For the same area k-PEEM and XPS measurements, a field aperture located at the first intermediate image plane in the PEEM column was closed in order to select a region of ~20 µm in diameter for simultaneous µm-scale electronic band structure imaging and chemical analysis. For k-PEEM, pass energies of 50 and 25 eV with an entrance slit size of 1 mm were used resulting in analyzer resolution of 200 and 100 meV, respectively. For the core-level XPS analysis, pass energy of 50 eV for entrance slit size of 2 mm was used providing an analyzer resolution of 400 meV.
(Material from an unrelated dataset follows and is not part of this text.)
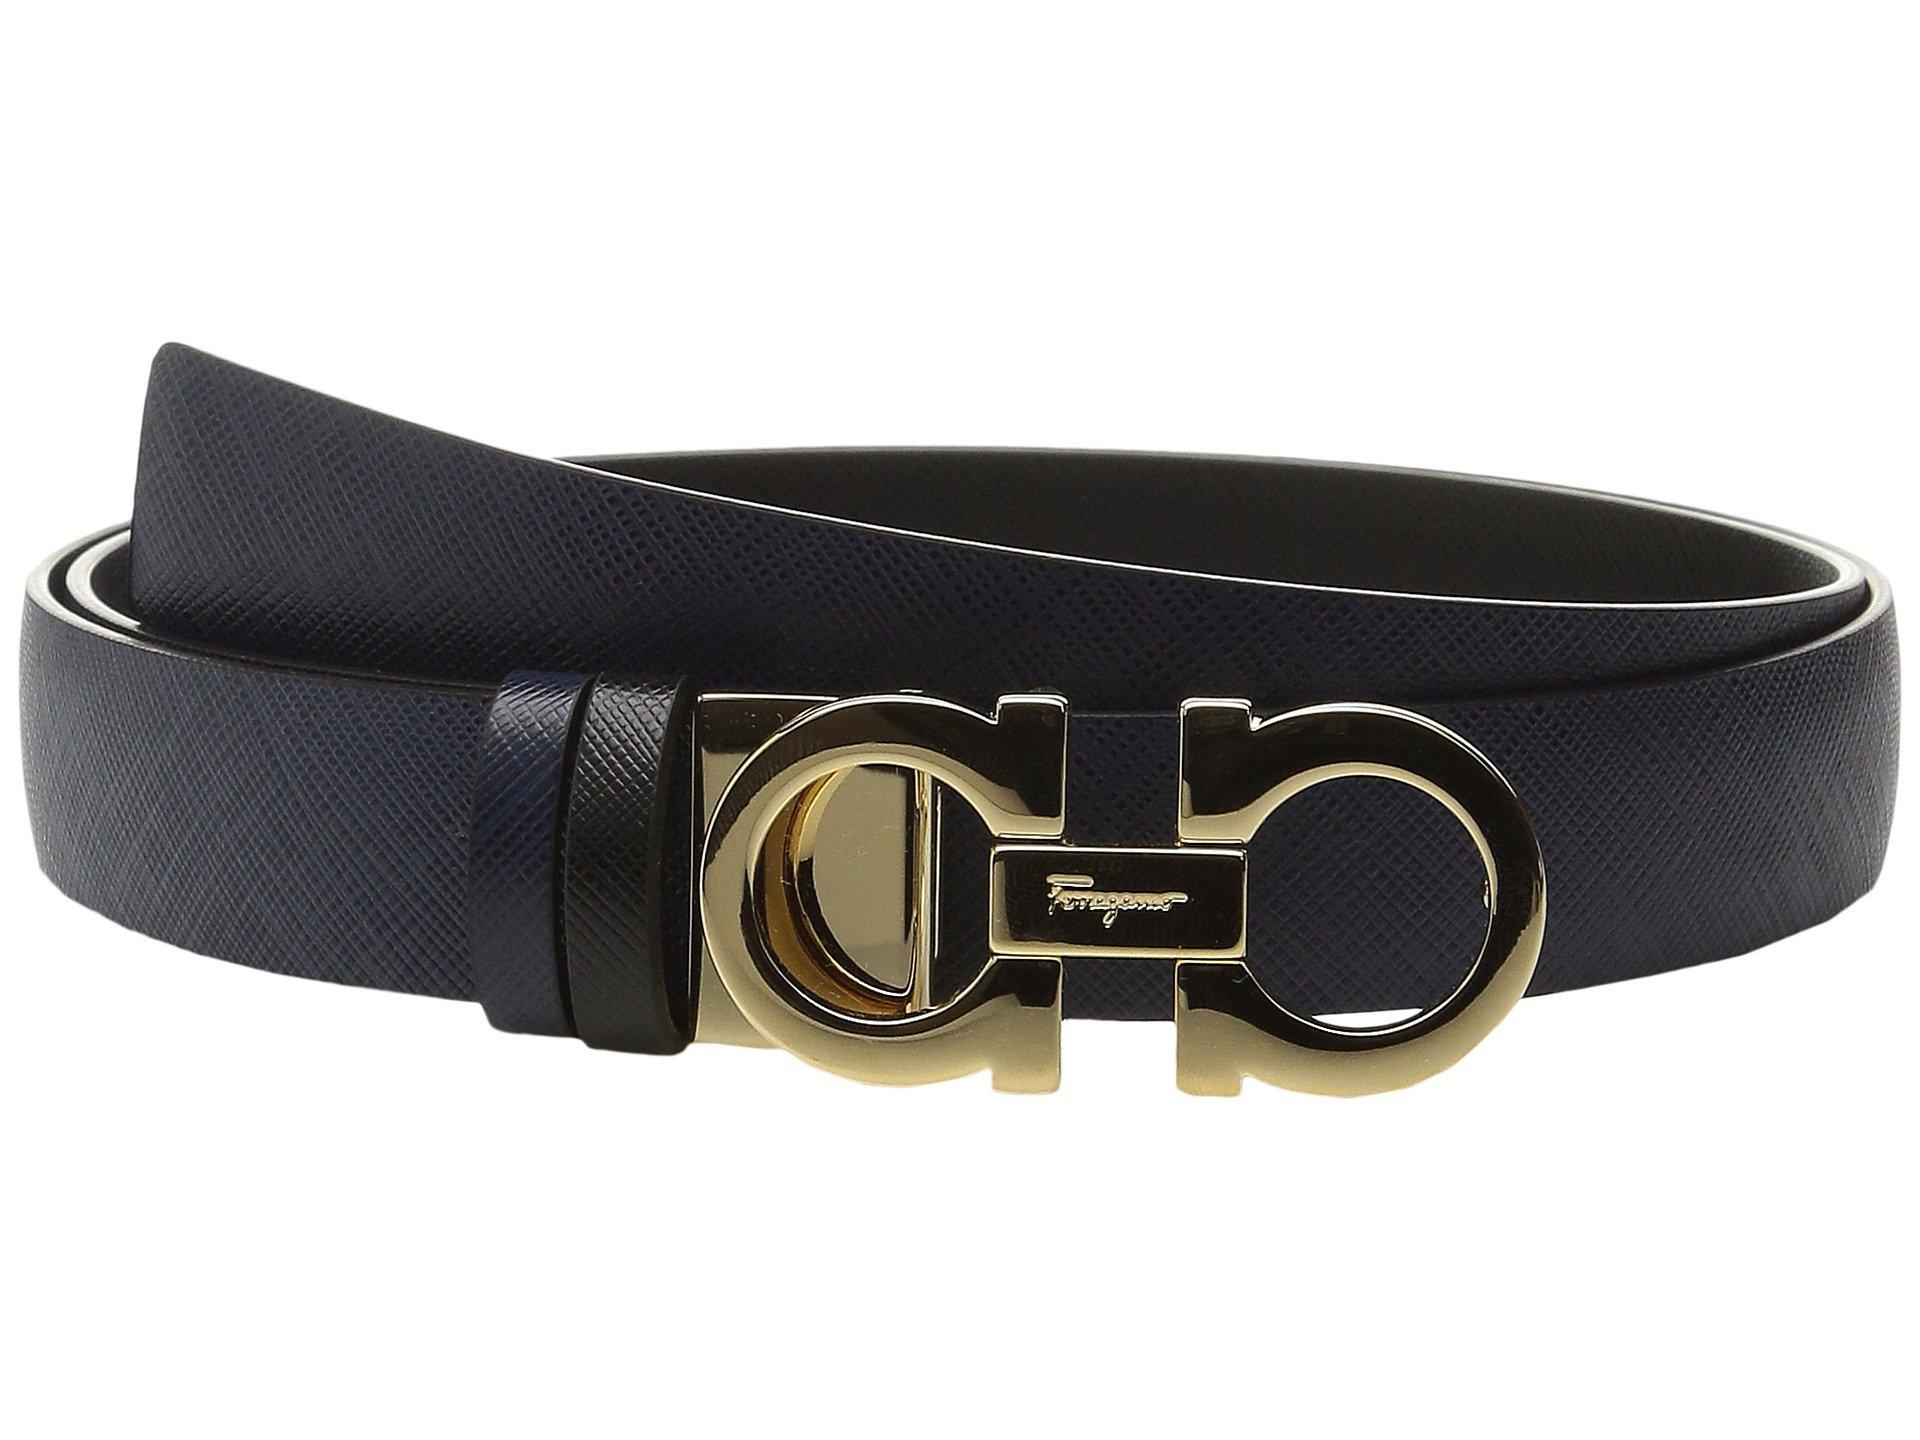 SALVATORE FERRAGAMO 23A565 Double Gancini Belt

Work-function mapping was performed by fitting the onset of the secondary electron emission signal in the spectrum at each image pixel of the PEEM image series, thereby providing a local value of the work function. The values were shifted by 0.98 eV compensating for the Schottky effect.³⁶ The dispersion relationship for the top valence band structure centered on the Γ point (k_// = 0 Å⁻¹) was obtained by first averaging the E_bin vs. k slices of the k-PEEM image stack along the three equivalent MGM′ directions. Then, each constant-k intensity curve was fitted with a Gaussian peak yielding a peak position which was used to trace the dispersion relationship in the range of the inverted structure (E_B = 0.86–0.91 eV; k _//  = 0–0.15 Å⁻¹).

Data availability

The data that support the findings of this study are available from the corresponding author on reasonable request.